■ Action item
Only an exact copy of the records below will serve as the answer.

[Data items]
============================================================
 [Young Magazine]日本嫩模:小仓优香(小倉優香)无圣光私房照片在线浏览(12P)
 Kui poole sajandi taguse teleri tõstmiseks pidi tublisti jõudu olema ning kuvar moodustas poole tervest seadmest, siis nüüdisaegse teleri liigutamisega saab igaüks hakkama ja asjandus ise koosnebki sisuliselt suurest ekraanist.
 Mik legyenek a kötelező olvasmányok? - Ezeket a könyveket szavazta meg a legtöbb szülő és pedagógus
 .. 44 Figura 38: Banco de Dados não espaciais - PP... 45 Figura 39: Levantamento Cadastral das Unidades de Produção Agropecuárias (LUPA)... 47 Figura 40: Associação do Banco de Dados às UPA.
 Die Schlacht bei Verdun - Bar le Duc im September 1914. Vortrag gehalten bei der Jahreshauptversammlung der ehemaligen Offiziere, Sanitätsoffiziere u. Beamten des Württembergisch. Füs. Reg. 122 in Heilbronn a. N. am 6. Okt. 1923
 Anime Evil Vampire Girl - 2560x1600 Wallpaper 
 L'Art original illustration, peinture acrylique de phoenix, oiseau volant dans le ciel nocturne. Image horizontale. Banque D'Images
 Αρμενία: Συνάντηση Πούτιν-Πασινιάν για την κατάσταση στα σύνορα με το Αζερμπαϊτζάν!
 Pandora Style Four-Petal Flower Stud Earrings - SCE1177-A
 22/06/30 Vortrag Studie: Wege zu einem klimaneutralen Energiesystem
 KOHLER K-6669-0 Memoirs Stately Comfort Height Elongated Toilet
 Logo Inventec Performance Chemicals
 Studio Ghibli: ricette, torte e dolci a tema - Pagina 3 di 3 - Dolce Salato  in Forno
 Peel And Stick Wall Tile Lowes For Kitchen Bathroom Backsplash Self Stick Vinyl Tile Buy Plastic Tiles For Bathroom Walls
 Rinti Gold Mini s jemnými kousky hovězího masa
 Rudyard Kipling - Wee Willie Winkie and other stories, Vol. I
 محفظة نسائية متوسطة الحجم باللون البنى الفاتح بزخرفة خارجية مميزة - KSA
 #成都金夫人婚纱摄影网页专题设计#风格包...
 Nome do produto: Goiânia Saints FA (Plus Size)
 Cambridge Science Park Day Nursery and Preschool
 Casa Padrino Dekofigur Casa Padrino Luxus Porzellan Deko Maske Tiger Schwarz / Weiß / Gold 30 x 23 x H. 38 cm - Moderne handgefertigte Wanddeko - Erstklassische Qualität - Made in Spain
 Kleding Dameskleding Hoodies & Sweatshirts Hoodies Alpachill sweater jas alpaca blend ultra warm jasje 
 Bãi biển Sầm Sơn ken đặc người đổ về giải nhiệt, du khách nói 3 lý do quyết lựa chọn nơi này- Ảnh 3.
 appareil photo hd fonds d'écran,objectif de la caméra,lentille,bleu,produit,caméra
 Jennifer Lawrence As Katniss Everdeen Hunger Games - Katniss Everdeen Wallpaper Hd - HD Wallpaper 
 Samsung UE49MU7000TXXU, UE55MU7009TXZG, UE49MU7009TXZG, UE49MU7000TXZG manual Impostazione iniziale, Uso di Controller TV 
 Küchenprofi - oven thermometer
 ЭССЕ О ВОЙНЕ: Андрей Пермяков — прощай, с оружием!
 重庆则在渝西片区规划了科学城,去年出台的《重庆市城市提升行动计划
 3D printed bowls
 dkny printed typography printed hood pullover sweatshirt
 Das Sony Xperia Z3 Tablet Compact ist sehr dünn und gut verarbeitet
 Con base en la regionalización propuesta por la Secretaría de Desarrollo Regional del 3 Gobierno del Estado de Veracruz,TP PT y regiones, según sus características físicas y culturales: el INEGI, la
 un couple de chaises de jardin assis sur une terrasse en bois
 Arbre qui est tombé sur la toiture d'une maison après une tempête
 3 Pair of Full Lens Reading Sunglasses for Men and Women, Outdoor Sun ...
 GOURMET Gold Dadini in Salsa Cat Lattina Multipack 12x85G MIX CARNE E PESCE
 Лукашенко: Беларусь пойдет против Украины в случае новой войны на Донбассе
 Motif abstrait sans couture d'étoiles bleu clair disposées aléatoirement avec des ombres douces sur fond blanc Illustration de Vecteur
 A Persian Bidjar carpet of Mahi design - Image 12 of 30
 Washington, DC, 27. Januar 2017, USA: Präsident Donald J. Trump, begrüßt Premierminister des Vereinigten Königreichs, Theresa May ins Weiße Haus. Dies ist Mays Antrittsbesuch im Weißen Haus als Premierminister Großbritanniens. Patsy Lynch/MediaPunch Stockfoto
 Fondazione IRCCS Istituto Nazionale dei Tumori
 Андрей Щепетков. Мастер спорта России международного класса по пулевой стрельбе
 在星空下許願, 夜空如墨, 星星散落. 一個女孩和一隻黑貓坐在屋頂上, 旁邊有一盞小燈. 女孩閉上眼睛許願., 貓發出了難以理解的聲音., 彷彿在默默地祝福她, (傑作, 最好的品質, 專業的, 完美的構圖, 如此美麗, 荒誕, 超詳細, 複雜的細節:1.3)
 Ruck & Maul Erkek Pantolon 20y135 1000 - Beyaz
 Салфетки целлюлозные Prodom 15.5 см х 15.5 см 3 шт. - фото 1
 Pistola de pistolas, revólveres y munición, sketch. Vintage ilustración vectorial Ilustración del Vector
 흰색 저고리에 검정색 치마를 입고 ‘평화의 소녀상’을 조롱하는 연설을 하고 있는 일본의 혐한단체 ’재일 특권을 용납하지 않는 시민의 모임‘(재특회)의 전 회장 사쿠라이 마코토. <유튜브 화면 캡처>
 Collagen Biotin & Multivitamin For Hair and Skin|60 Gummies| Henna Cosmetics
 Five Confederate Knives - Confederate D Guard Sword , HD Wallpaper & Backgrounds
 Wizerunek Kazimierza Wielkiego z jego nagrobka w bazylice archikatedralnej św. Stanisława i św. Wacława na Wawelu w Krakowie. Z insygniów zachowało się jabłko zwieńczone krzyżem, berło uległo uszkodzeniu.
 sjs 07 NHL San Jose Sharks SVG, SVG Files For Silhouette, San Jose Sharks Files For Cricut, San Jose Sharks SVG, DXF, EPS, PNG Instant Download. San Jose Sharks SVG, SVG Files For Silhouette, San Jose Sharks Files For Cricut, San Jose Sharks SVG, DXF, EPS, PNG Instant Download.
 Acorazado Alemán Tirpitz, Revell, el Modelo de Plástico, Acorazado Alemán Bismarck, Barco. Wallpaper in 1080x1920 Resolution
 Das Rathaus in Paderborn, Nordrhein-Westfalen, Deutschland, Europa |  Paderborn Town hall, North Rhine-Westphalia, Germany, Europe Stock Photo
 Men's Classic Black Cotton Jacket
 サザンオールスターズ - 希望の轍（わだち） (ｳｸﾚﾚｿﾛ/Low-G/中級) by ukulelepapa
============================================================
■ Exercise answer
 [Young Magazine]日本嫩模:小仓优香(小倉優香)无圣光私房照片在线浏览(12P)
 Kui poole sajandi taguse teleri tõstmiseks pidi tublisti jõudu olema ning kuvar moodustas poole tervest seadmest, siis nüüdisaegse teleri liigutamisega saab igaüks hakkama ja asjandus ise koosnebki sisuliselt suurest ekraanist.
 Mik legyenek a kötelező olvasmányok? - Ezeket a könyveket szavazta meg a legtöbb szülő és pedagógus
 .. 44 Figura 38: Banco de Dados não espaciais - PP... 45 Figura 39: Levantamento Cadastral das Unidades de Produção Agropecuárias (LUPA)... 47 Figura 40: Associação do Banco de Dados às UPA.
 Die Schlacht bei Verdun - Bar le Duc im September 1914. Vortrag gehalten bei der Jahreshauptversammlung der ehemaligen Offiziere, Sanitätsoffiziere u. Beamten des Württembergisch. Füs. Reg. 122 in Heilbronn a. N. am 6. Okt. 1923
 Anime Evil Vampire Girl - 2560x1600 Wallpaper 
 L'Art original illustration, peinture acrylique de phoenix, oiseau volant dans le ciel nocturne. Image horizontale. Banque D'Images
 Αρμενία: Συνάντηση Πούτιν-Πασινιάν για την κατάσταση στα σύνορα με το Αζερμπαϊτζάν!
 Pandora Style Four-Petal Flower Stud Earrings - SCE1177-A
 22/06/30 Vortrag Studie: Wege zu einem klimaneutralen Energiesystem
 KOHLER K-6669-0 Memoirs Stately Comfort Height Elongated Toilet
 Logo Inventec Performance Chemicals
 Studio Ghibli: ricette, torte e dolci a tema - Pagina 3 di 3 - Dolce Salato  in Forno
 Peel And Stick Wall Tile Lowes For Kitchen Bathroom Backsplash Self Stick Vinyl Tile Buy Plastic Tiles For Bathroom Walls
 Rinti Gold Mini s jemnými kousky hovězího masa
 Rudyard Kipling - Wee Willie Winkie and other stories, Vol. I
 محفظة نسائية متوسطة الحجم باللون البنى الفاتح بزخرفة خارجية مميزة - KSA
 #成都金夫人婚纱摄影网页专题设计#风格包...
 Nome do produto: Goiânia Saints FA (Plus Size)
 Cambridge Science Park Day Nursery and Preschool
 Casa Padrino Dekofigur Casa Padrino Luxus Porzellan Deko Maske Tiger Schwarz / Weiß / Gold 30 x 23 x H. 38 cm - Moderne handgefertigte Wanddeko - Erstklassische Qualität - Made in Spain
 Kleding Dameskleding Hoodies & Sweatshirts Hoodies Alpachill sweater jas alpaca blend ultra warm jasje 
 Bãi biển Sầm Sơn ken đặc người đổ về giải nhiệt, du khách nói 3 lý do quyết lựa chọn nơi này- Ảnh 3.
 appareil photo hd fonds d'écran,objectif de la caméra,lentille,bleu,produit,caméra
 Jennifer Lawrence As Katniss Everdeen Hunger Games - Katniss Everdeen Wallpaper Hd - HD Wallpaper 
 Samsung UE49MU7000TXXU, UE55MU7009TXZG, UE49MU7009TXZG, UE49MU7000TXZG manual Impostazione iniziale, Uso di Controller TV 
 Küchenprofi - oven thermometer
 ЭССЕ О ВОЙНЕ: Андрей Пермяков — прощай, с оружием!
 重庆则在渝西片区规划了科学城,去年出台的《重庆市城市提升行动计划
 3D printed bowls
 dkny printed typography printed hood pullover sweatshirt
 Das Sony Xperia Z3 Tablet Compact ist sehr dünn und gut verarbeitet
 Con base en la regionalización propuesta por la Secretaría de Desarrollo Regional del 3 Gobierno del Estado de Veracruz,TP PT y regiones, según sus características físicas y culturales: el INEGI, la
 un couple de chaises de jardin assis sur une terrasse en bois
 Arbre qui est tombé sur la toiture d'une maison après une tempête
 3 Pair of Full Lens Reading Sunglasses for Men and Women, Outdoor Sun ...
 GOURMET Gold Dadini in Salsa Cat Lattina Multipack 12x85G MIX CARNE E PESCE
 Лукашенко: Беларусь пойдет против Украины в случае новой войны на Донбассе
 Motif abstrait sans couture d'étoiles bleu clair disposées aléatoirement avec des ombres douces sur fond blanc Illustration de Vecteur
 A Persian Bidjar carpet of Mahi design - Image 12 of 30
 Washington, DC, 27. Januar 2017, USA: Präsident Donald J. Trump, begrüßt Premierminister des Vereinigten Königreichs, Theresa May ins Weiße Haus. Dies ist Mays Antrittsbesuch im Weißen Haus als Premierminister Großbritanniens. Patsy Lynch/MediaPunch Stockfoto
 Fondazione IRCCS Istituto Nazionale dei Tumori
 Андрей Щепетков. Мастер спорта России международного класса по пулевой стрельбе
 在星空下許願, 夜空如墨, 星星散落. 一個女孩和一隻黑貓坐在屋頂上, 旁邊有一盞小燈. 女孩閉上眼睛許願., 貓發出了難以理解的聲音., 彷彿在默默地祝福她, (傑作, 最好的品質, 專業的, 完美的構圖, 如此美麗, 荒誕, 超詳細, 複雜的細節:1.3)
 Ruck & Maul Erkek Pantolon 20y135 1000 - Beyaz
 Салфетки целлюлозные Prodom 15.5 см х 15.5 см 3 шт. - фото 1
 Pistola de pistolas, revólveres y munición, sketch. Vintage ilustración vectorial Ilustración del Vector
 흰색 저고리에 검정색 치마를 입고 ‘평화의 소녀상’을 조롱하는 연설을 하고 있는 일본의 혐한단체 ’재일 특권을 용납하지 않는 시민의 모임‘(재특회)의 전 회장 사쿠라이 마코토. <유튜브 화면 캡처>
 Collagen Biotin & Multivitamin For Hair and Skin|60 Gummies| Henna Cosmetics
 Five Confederate Knives - Confederate D Guard Sword , HD Wallpaper & Backgrounds
 Wizerunek Kazimierza Wielkiego z jego nagrobka w bazylice archikatedralnej św. Stanisława i św. Wacława na Wawelu w Krakowie. Z insygniów zachowało się jabłko zwieńczone krzyżem, berło uległo uszkodzeniu.
 sjs 07 NHL San Jose Sharks SVG, SVG Files For Silhouette, San Jose Sharks Files For Cricut, San Jose Sharks SVG, DXF, EPS, PNG Instant Download. San Jose Sharks SVG, SVG Files For Silhouette, San Jose Sharks Files For Cricut, San Jose Sharks SVG, DXF, EPS, PNG Instant Download.
 Acorazado Alemán Tirpitz, Revell, el Modelo de Plástico, Acorazado Alemán Bismarck, Barco. Wallpaper in 1080x1920 Resolution
 Das Rathaus in Paderborn, Nordrhein-Westfalen, Deutschland, Europa |  Paderborn Town hall, North Rhine-Westphalia, Germany, Europe Stock Photo
 Men's Classic Black Cotton Jacket
 サザンオールスターズ - 希望の轍（わだち） (ｳｸﾚﾚｿﾛ/Low-G/中級) by ukulelepapa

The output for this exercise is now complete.